Saturday, January 19, 2019
The Profile

Agnes’ Global Journeys Program Struggles to Match Its Own Aspirations

Hannah Matthews

Staff Writer

With the creation of the Global Journey’s program at Agnes Scott College, first-year students are given the chance to leave Georgia and see various corners of the globe. This year, the trips include places as far as Morocco and Chile. However, the idea of college students traveling abroad is fear inducing for anyone against the Western tendency of voluntourism and savior complexes.

According to Dr. Gundolf Graml, the Journeys professor for Central Europe, “All professors address the topics ‘Why Travel?’ and ‘Identity/Self/Other/Culture’ before the groups depart in early March” including by assigning the reading “To Hell With Good Intentions” by Ivan Illich.

The article is in the context of 1968, which is when students rushed to Mexico to perform service projects.

Illich brings up the point that the best the volunteers can provide is “voluntary powerlessness, voluntary presence as receivers, as such, as hopefully beloved or adopted ones without any way of returning the gift.”

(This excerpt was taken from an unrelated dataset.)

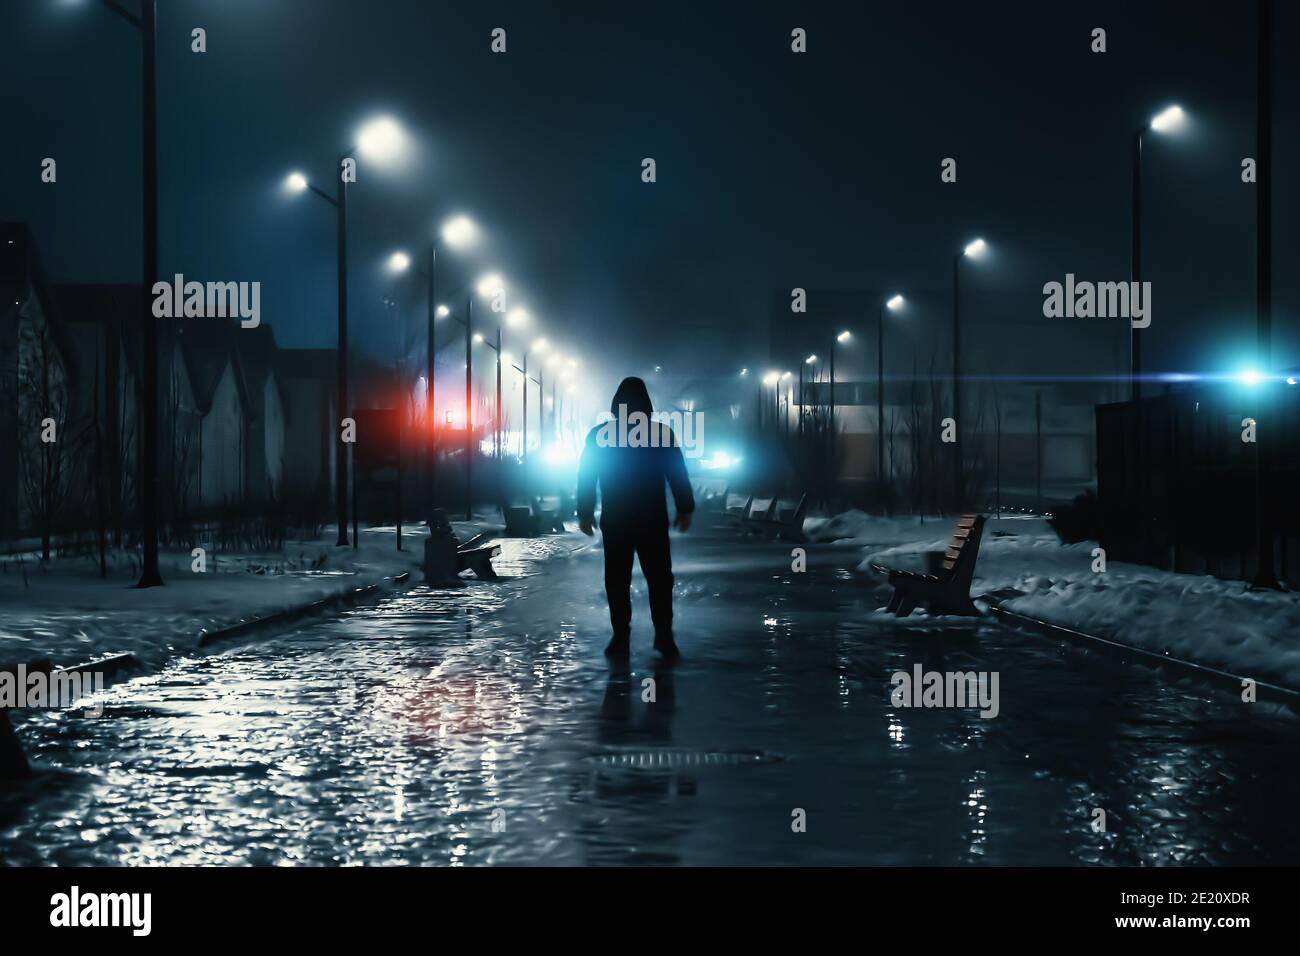 Man silhouette in misty alley at night city park, mystery and horror foggy cityscape atmosphere, alone stalker or crime person. Stock Photo

According to Agnes Scott faculty, students should be doing just that.

“By emphasizing community engagement instead of ‘service learning’–a term we do not use in our official course descriptions — our Global Learning Program is actually at the forefront of a wave of change in higher education,” said Graml.

In contrast, not only do Agnes Scott carta resources include information about global service learning (, Agnes Scott’s decision to utilize the Amizade program, a promoter of Global-Service Learning, also conflicts with this idea.

Some service projects within Amizade program Journeys trips raised concerns with whether or not the service performed was helpful, particularly when students were expected to construct structures or buildings.

During the Trinidad trip, students attempted to continue building a structure that would later become a homework center. Students, including one who started a non-profit organization in Jamaica, found themselves fulfilling the role they were taught to avoid.

“I’ve personally had to deal with persons coming from first world countries who want you to think they’re trying to help but really they’re just here to fulfill some sort of self-sufficient purpose,” said Jhodi Webster ‘20. “Going to Trinidad, I had no idea I would be one of those people.”

The process of construction was not addressed according to the students.

“There were no plans, no proper safety gear, and it seemed as if our Amizade leader was really only concerned with us doing whatever to get a good picture with our branded shirts on,” said Webster.

These conditions caused students to fear for their safety and caused some to find a new project.

“I had no experience whatsoever in construction,” said Srijana Smith ‘20. “I decided that I would rather spend my time picking up litter around the town, something I had experience in and something I could directly see the benefit of.”

With similar experiences arising from other trips, the question is whether or not Agnes Scott puts into practice the ethics taught to students.